▸ MATERIAL PROVIDED
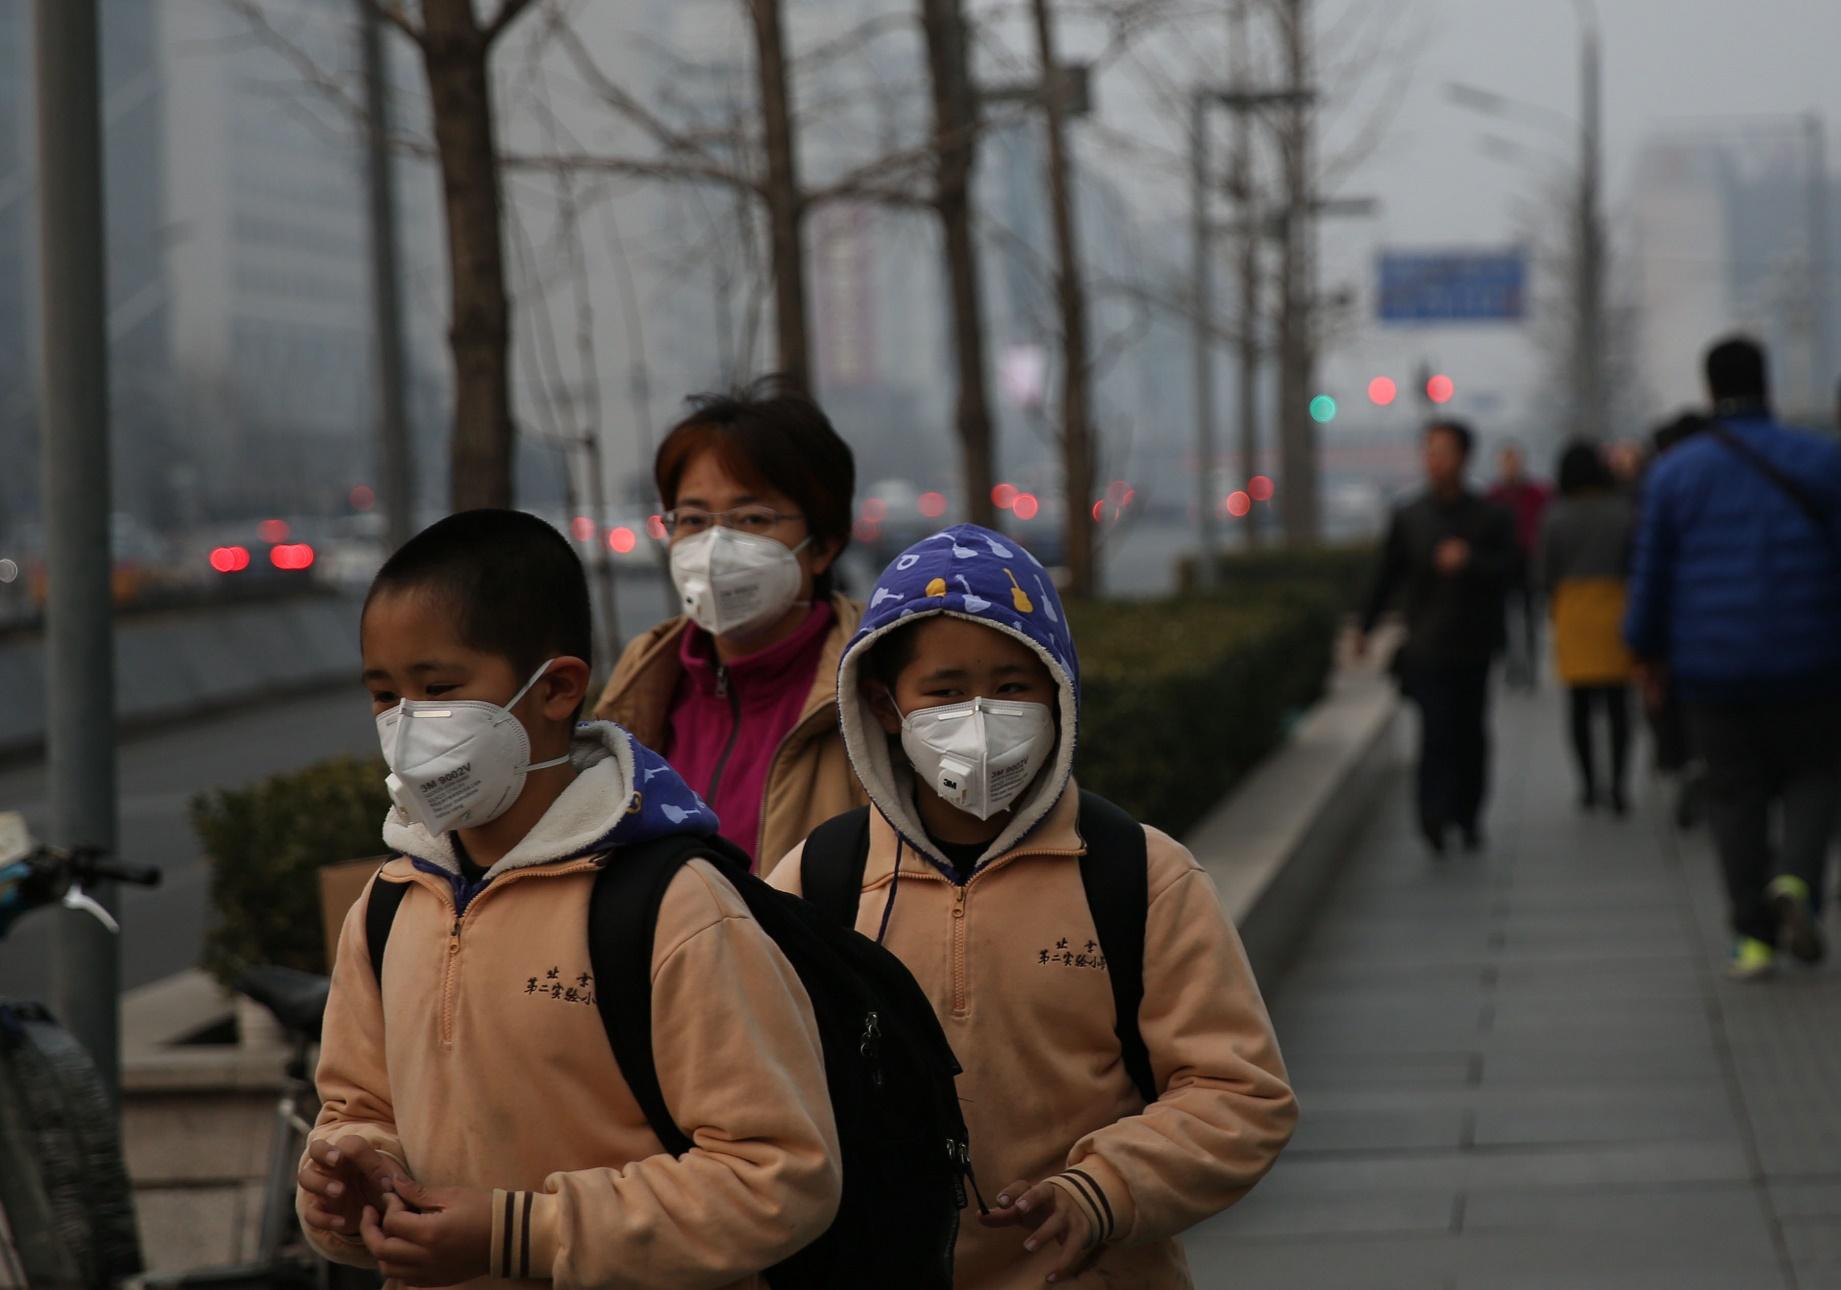 Apesar de continuar sendo um dos países mais poluídos do mundo, a China vem conseguindo melhorar a situação de 2011 para cá
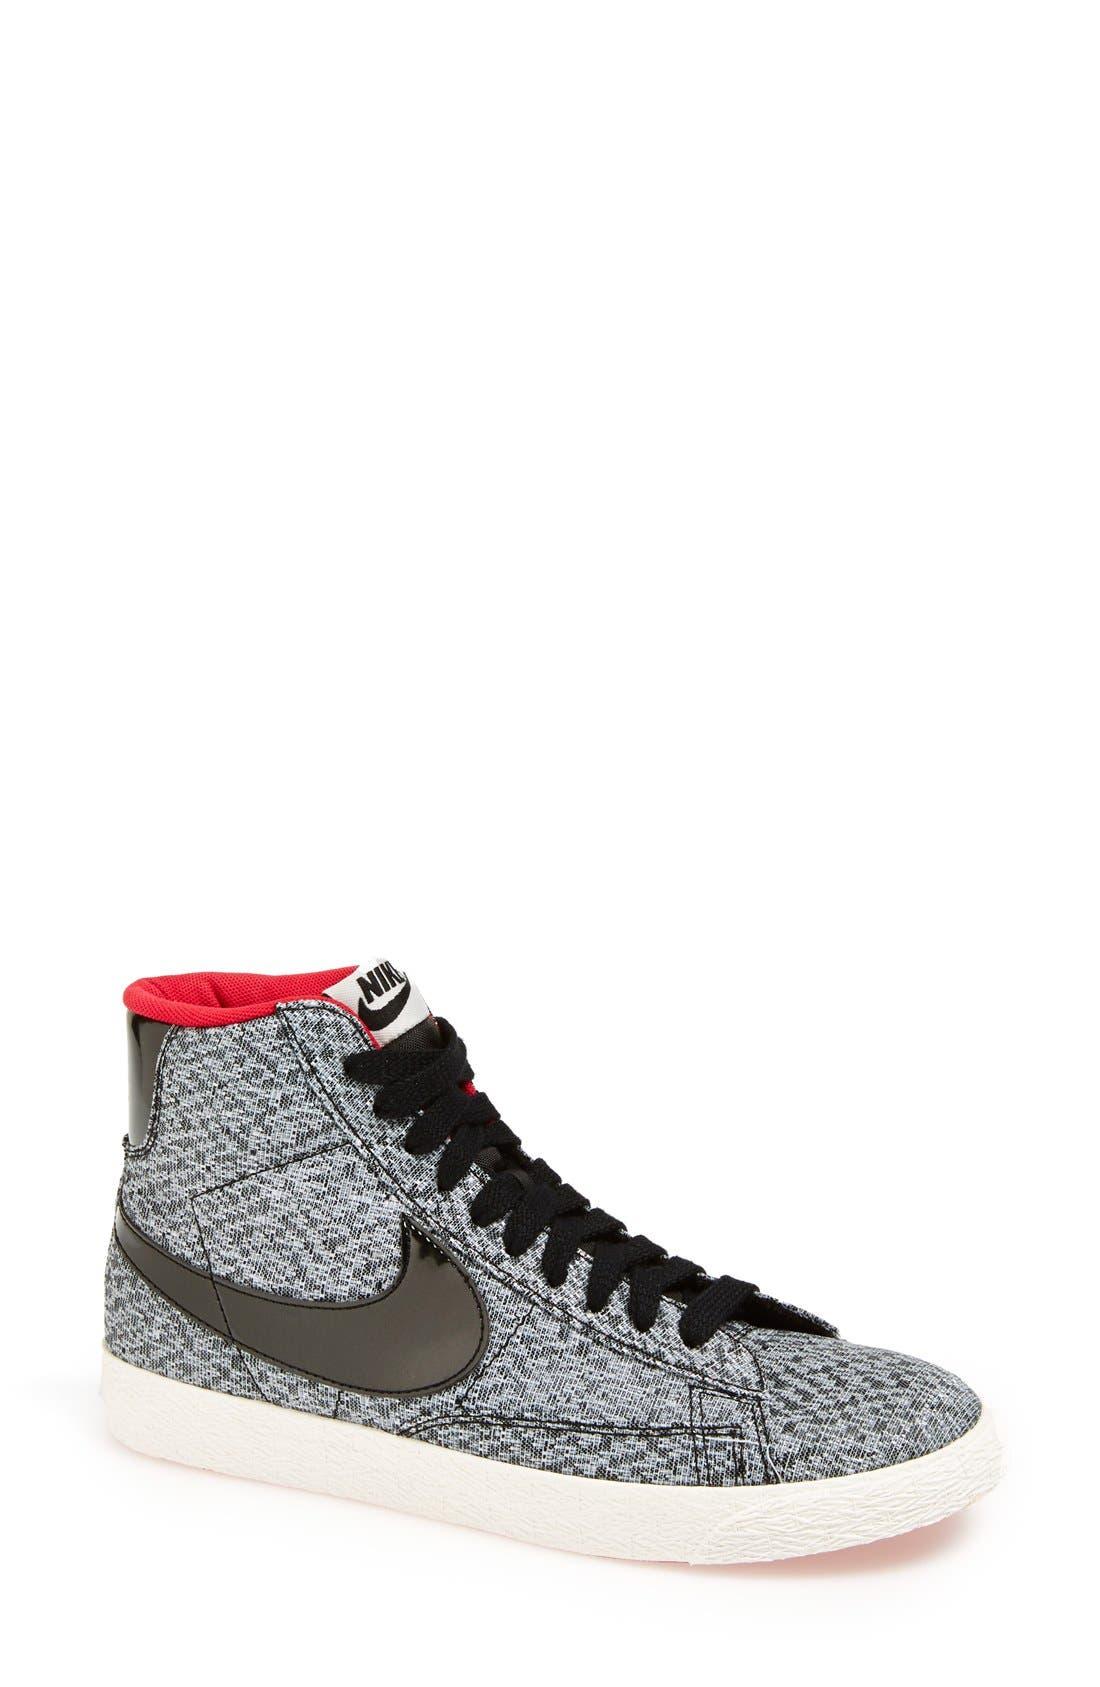 Main Image - Nike 'Blazer Mid' Sneaker (Women)
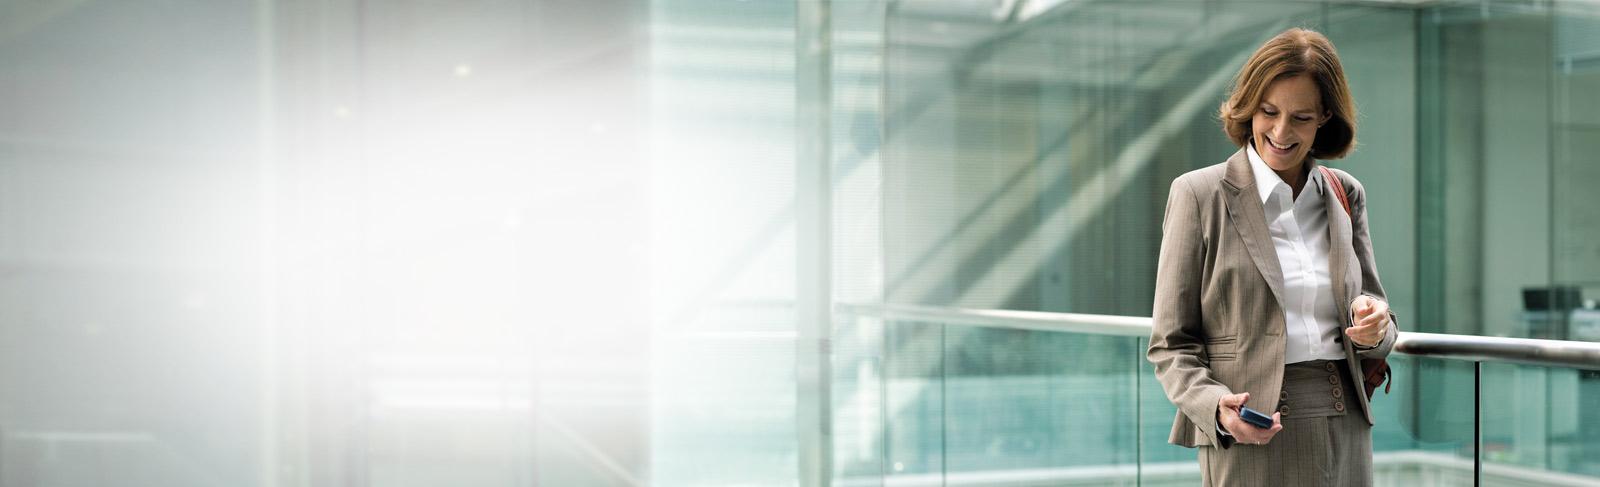 Femme d'affaires debout, utilisant l'Archivage Exchange Online sur son téléphone.

▸ BRIEF
Drop the images; restate the listing exactly.

▸ YOUR RESPONSE
 Apesar de continuar sendo um dos países mais poluídos do mundo, a China vem conseguindo melhorar a situação de 2011 para cá
 Main Image - Nike 'Blazer Mid' Sneaker (Women)
 Femme d'affaires debout, utilisant l'Archivage Exchange Online sur son téléphone.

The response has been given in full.